In the week-old clone of the glibc boot environment, my Windows VM booted
without issue. The task was now to bisect the daily snapshots between last
week and today to identify exactly when my VM became unusable. Four reboots
and clones later, and I discovered that the problem appeared between July 3
and July 4. From within the up-to-date boot environment, a zfs diff
command
revealed several package updates. The libvirt update from 6.4.0 to 6.5.0
indeed happened that day.
Zeroing in
A closer look at zfs diff
between the last working snapshot and first broken
snapshot showed a number of libvirt-related configuration changes. Files in
/etc
changed by the update contained only trivial changes in the comments;
nothing there would influence libvirt operation. However, some of the
configuration XML in /usr/share/libvirt
had also changed and warranted
closer inspection.
On a hunch, I changed the CPU type in my VM from host-model
(which tended to
report an AMD EPYC-IBPB CPU to the guest) to EPYC
. The resulting VM booted
as expected. Changing the CPU to an explicit EPYC-IBPB
produced a working
VM. Restoring the CPU to host-model
broke the virtual machine. Comparing the
qemu command lines between broken and working configurations revealed a large
number of CPU flags enabled on the host-model
CPU that were not enabled with
either EPYC
or EPYC-IBPB
explicit configurations.
To better isolate any offending CPU features, I did a recursive diff
into
/usr/share/libvirt
from the last working snapshot to the fist broken
snapshot and found that the map x86_features.xml
included about a dozen new
CPU flags. After cross-referencing these changes with the features enabled by
libvirt when launching qemu, I discovered that five or six of the new features
are now enabled by default. Disabling and re-enabling the features one-by-one
allowed me to isolate the problem to enabling of amd-stibp
and npt
. After
restoring my host-model
configuration but disabling the offending features,
the VM functioned as expected.
Conclusion
The right tools make arduous tasks tractable. Without multiple boot environments, identifying a libvirt upgrade from last week would have taken considerably more time. Without ZFS snapshots, identifying the offending change as a collection of newly enabled CPU feature flags would have been difficult.
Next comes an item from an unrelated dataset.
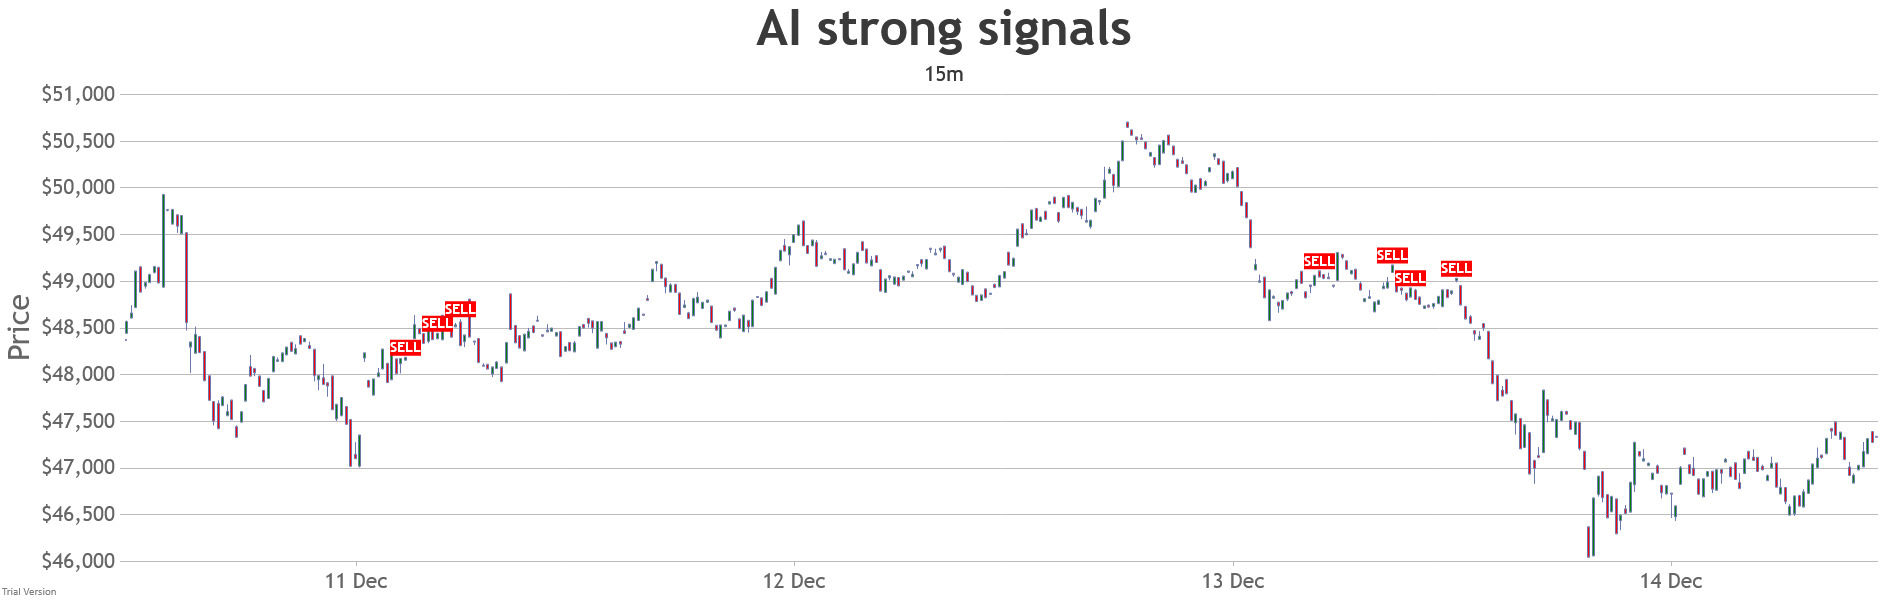 15min-combined-strong-ai-signals

Diagnosis and resolution of this issue could have been accomplished with lesser tools, but the complexity of managing the alternatives probably would have prevented me from accumulating the necessary historical information. Just as ZFS greatly simplifies manipulation of volumes and datasets, zfsbootmenu greatly simplifies manipulation of boot environments. For Linux, there are no finer alternatives.